El concierto terminó cerca de las 23:00. La lluvia siguió mojando la calzada. En el interior del Arena Park, las canciones habían convertido la noche en una celebración compartida.
Entre los clásicos y su nueva etapa
El concierto de Melendi en Arena Park también funcionó como un recorrido por las canciones que han marcado sus más de dos décadas de carrera.
A lo largo de la noche, el artista combinó temas que forman parte de la memoria colectiva de su público con composiciones de etapas más recientes.
El repertorio incluyó canciones como Hijos del mal, Tocado y hundido y Con solo una sonrisa que elevaron rápidamente la energía del recinto.
Durante el show también sonaron temas como Sin remitente y Desde que estamos juntos, que permitieron recorrer distintas etapas del repertorio del cantautor español. En el tramo final del concierto llegaron canciones como Destino o casualidad, Cheque al portamor, La promesa, Canción de amor caducada y Lágrimas desordenadas, con las que cerró la noche.
En medio de este repaso por su trayectoria, Melendi también presentó Fecha de caducidad, su más reciente sencillo y el primer adelanto de su próximo proyecto musical. El tema marca su regreso a las canciones inéditas después de cinco años y abre una nueva etapa en su carrera.

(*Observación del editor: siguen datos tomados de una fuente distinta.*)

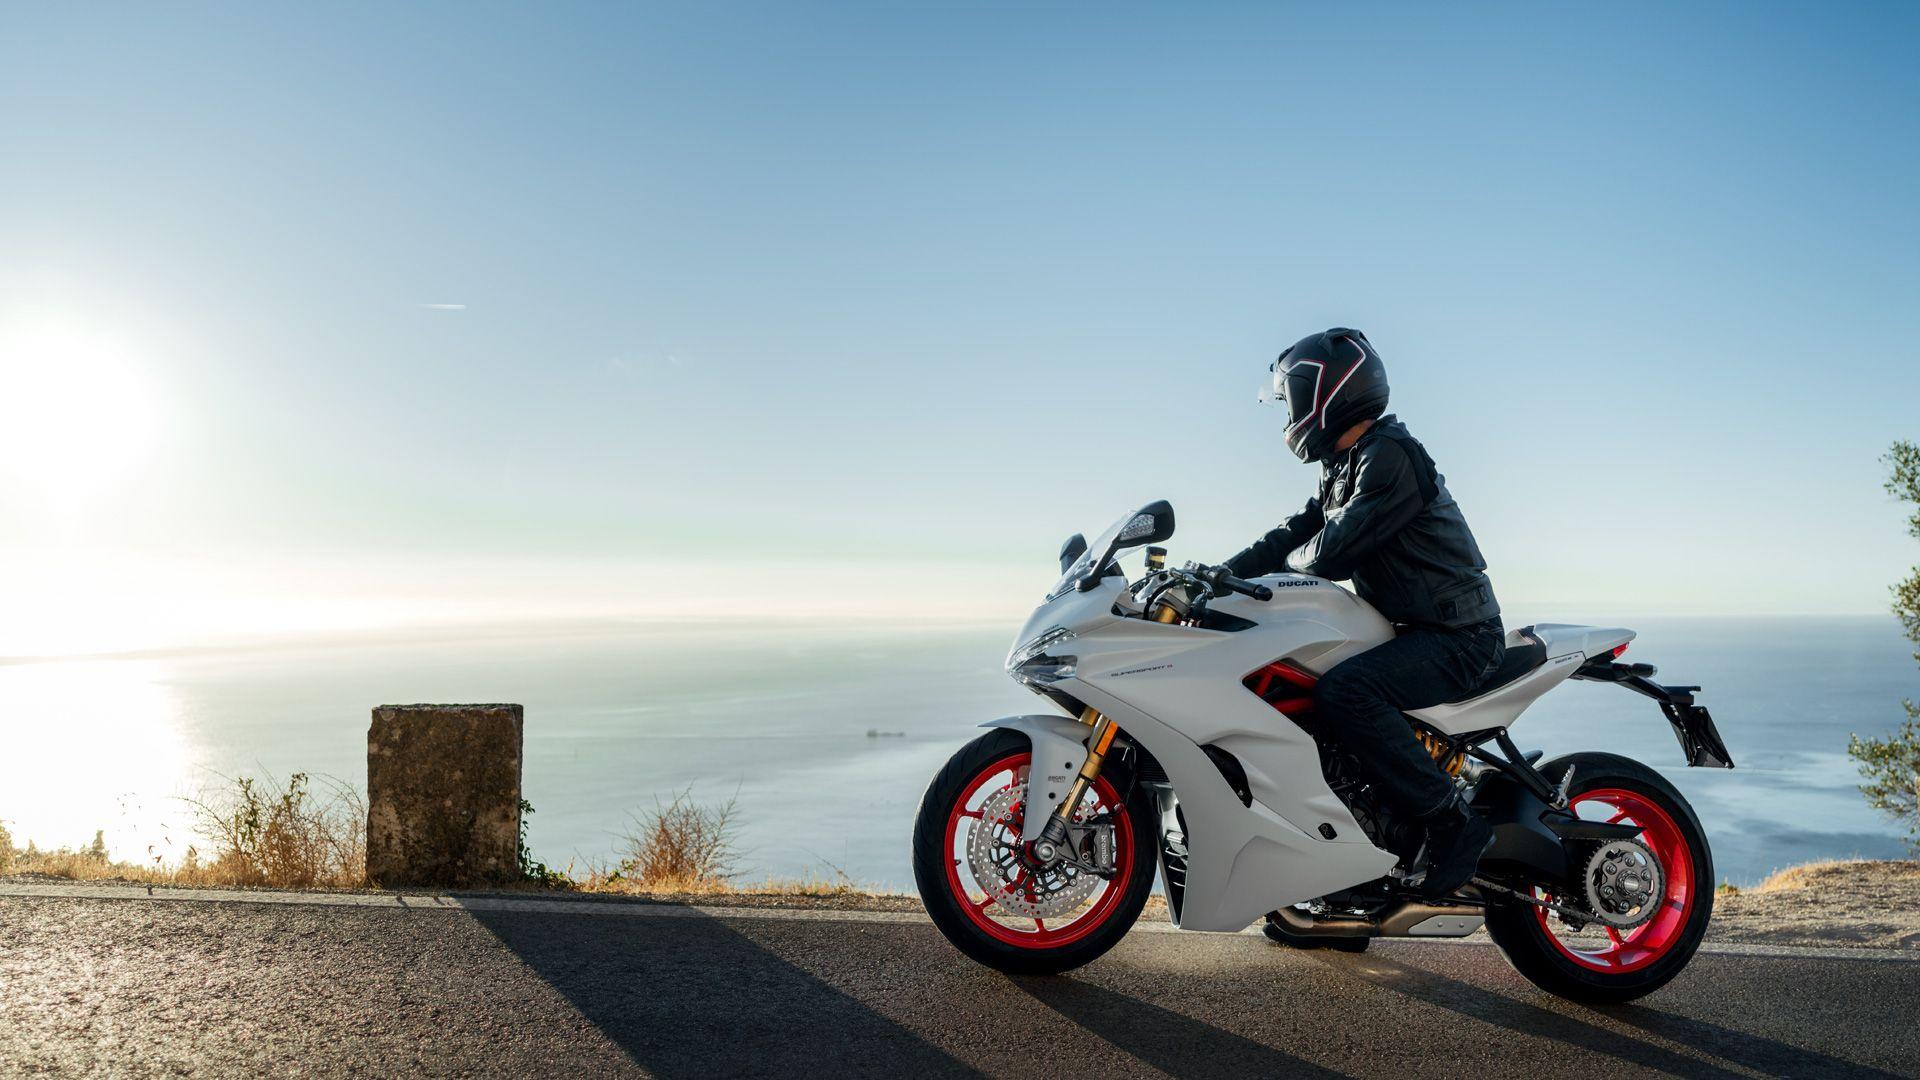 Ducati SuperSport: the energy of sport wherever it goes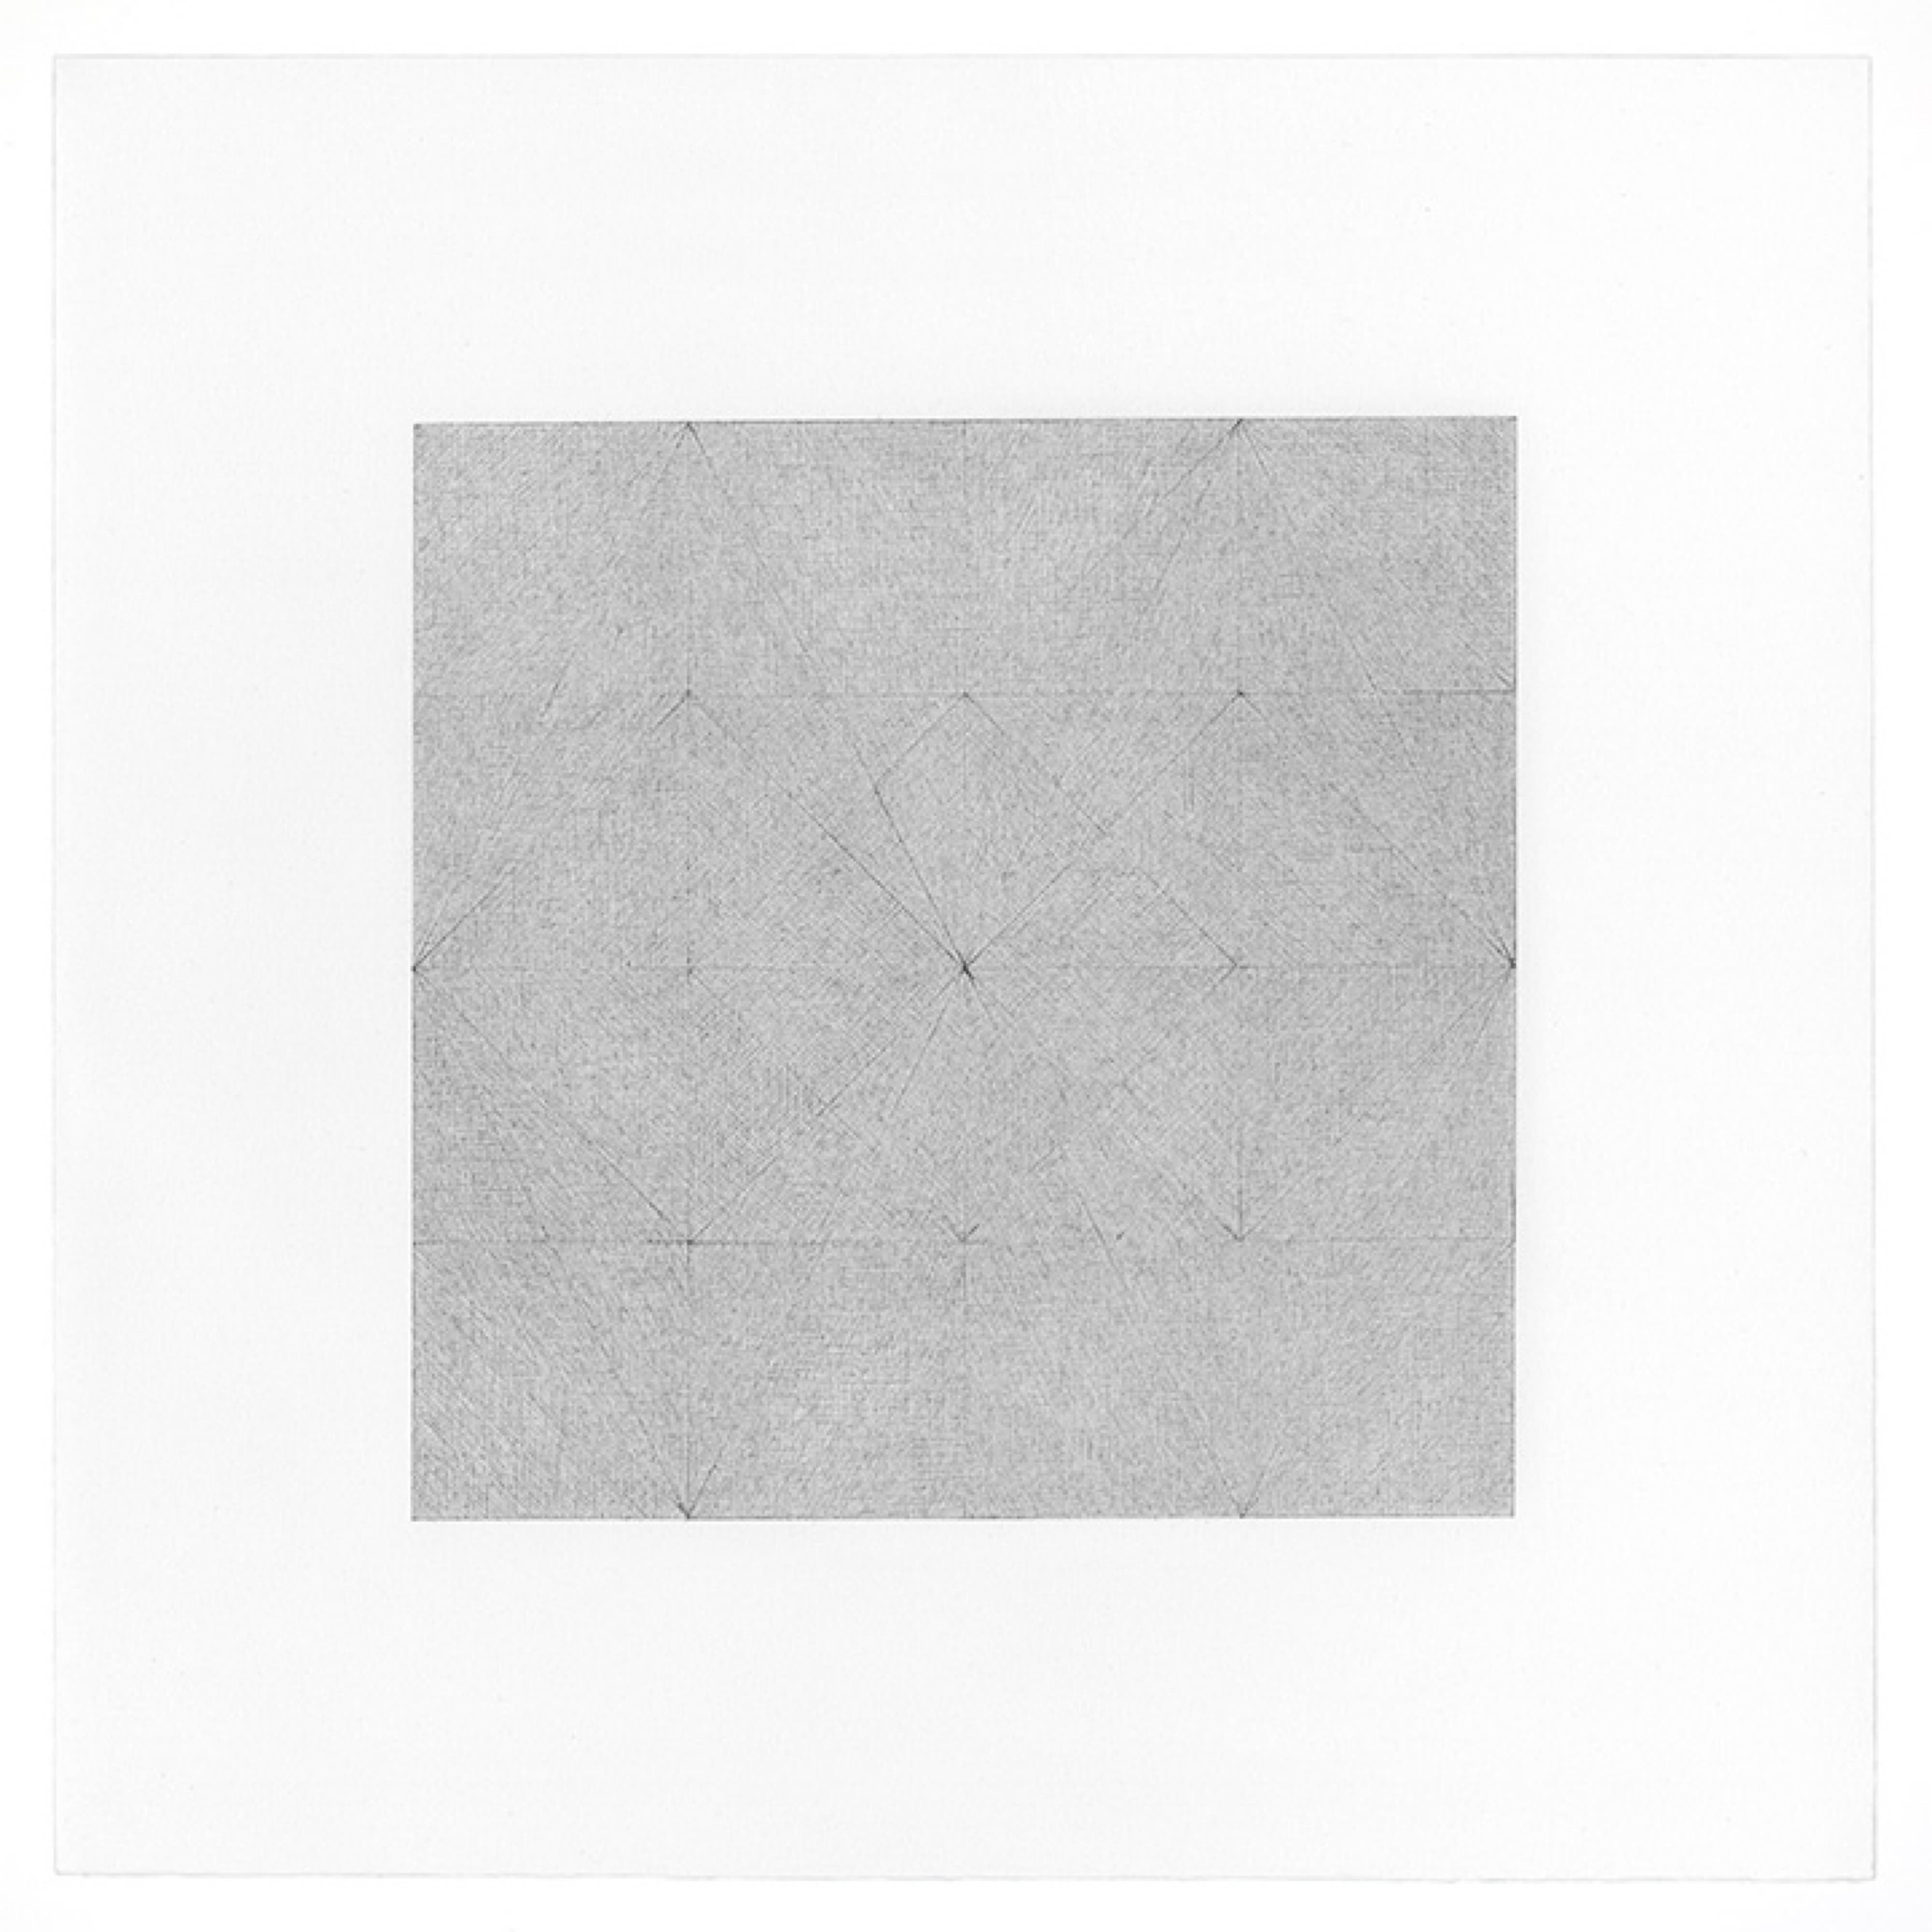 Modern Patrick Carrara Garden of Silence Triptych, Graphite on Paper, 2009 For Sale

La canción aborda una idea recurrente en su discurso durante el concierto: la forma en que cambian las relaciones con el paso del tiempo. En una de sus estrofas, el cantante resume el espíritu del tema con una frase que conecta con el tono reflexivo de muchas de sus letras: “Muchas veces se confunde querer con comodidad”.
Más que hablar de rupturas repentinas, Fecha de caducidad se detiene en esos vínculos que se transforman lentamente, cuando la costumbre reemplaza a la intensidad inicial. Con esta canción, Melendi introduce una mirada más madura sobre el amor, un tema que ha acompañado buena parte de su repertorio y que continúa siendo uno de los ejes de su propuesta musical.